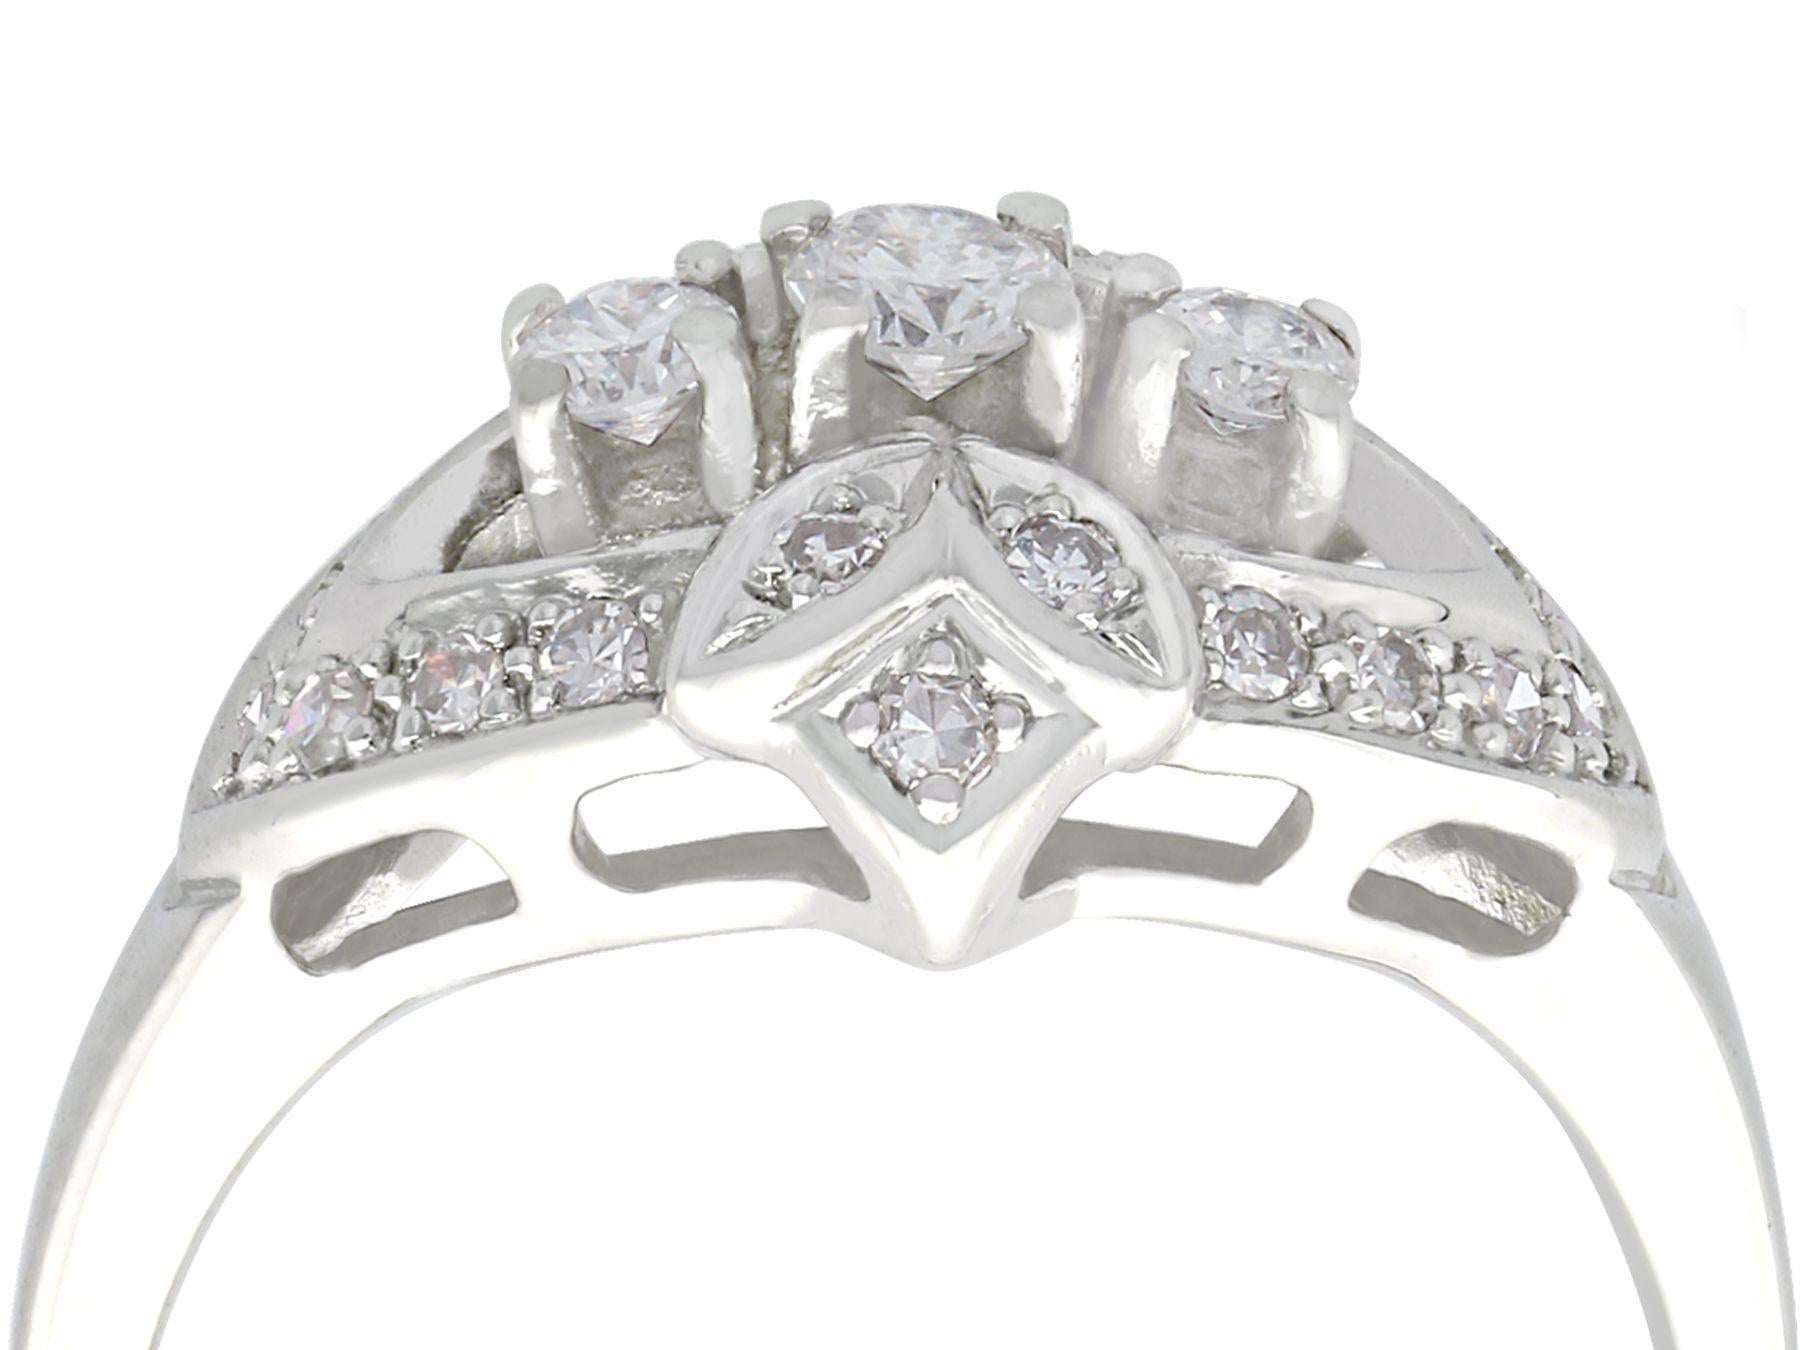 An impressive vintage 1950s 0.50 carat diamond and 14 karat white gold cocktail ring; part of our diverse diamond jewelry and estate jewelry collections.

This fine and impressive diamond cocktail ring has been crafted in 14k white gold.

The
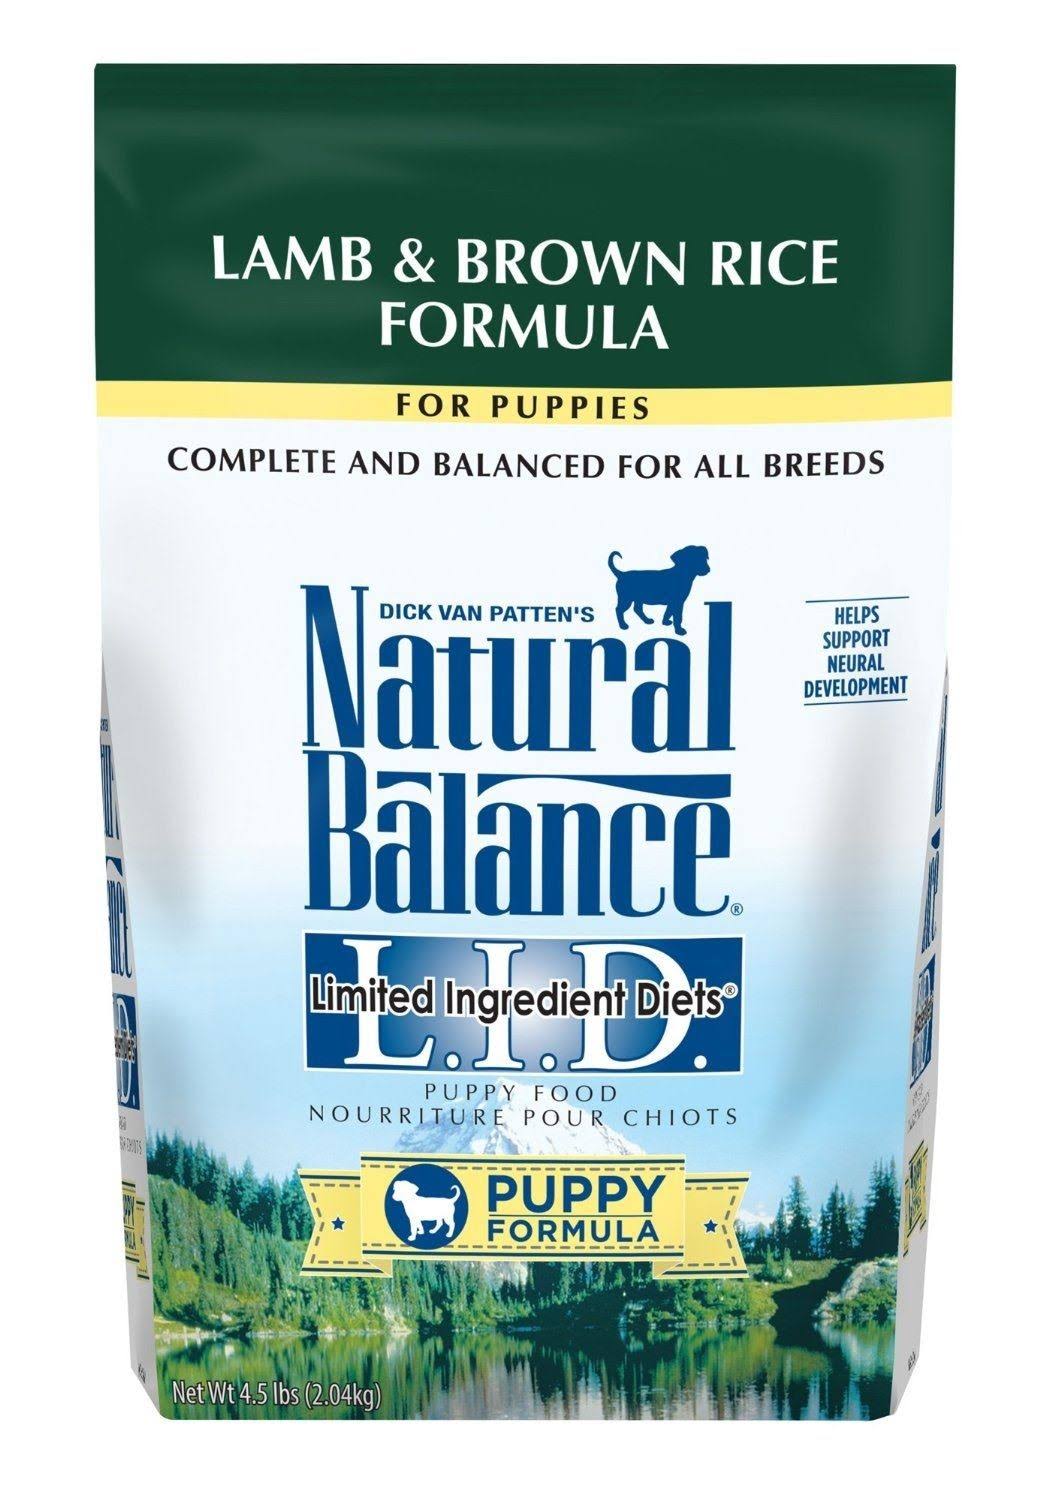 Natural Balance Limited Ingredient Diets Dogs Food, Lamb & Brown Rice Formula, Food for All Breeds - 4 lb
• • • • •
WHAT NEEDS TO BE DONE — Make an exact copy of the lines from the one holding "This fine and" through the end of the material, both ends included, and keep the pictures out of it.

EXERCISE RESPONSE —
This fine and impressive diamond cocktail ring has been crafted in 14k white gold.

The
 Natural Balance Limited Ingredient Diets Dogs Food, Lamb & Brown Rice Formula, Food for All Breeds - 4 lb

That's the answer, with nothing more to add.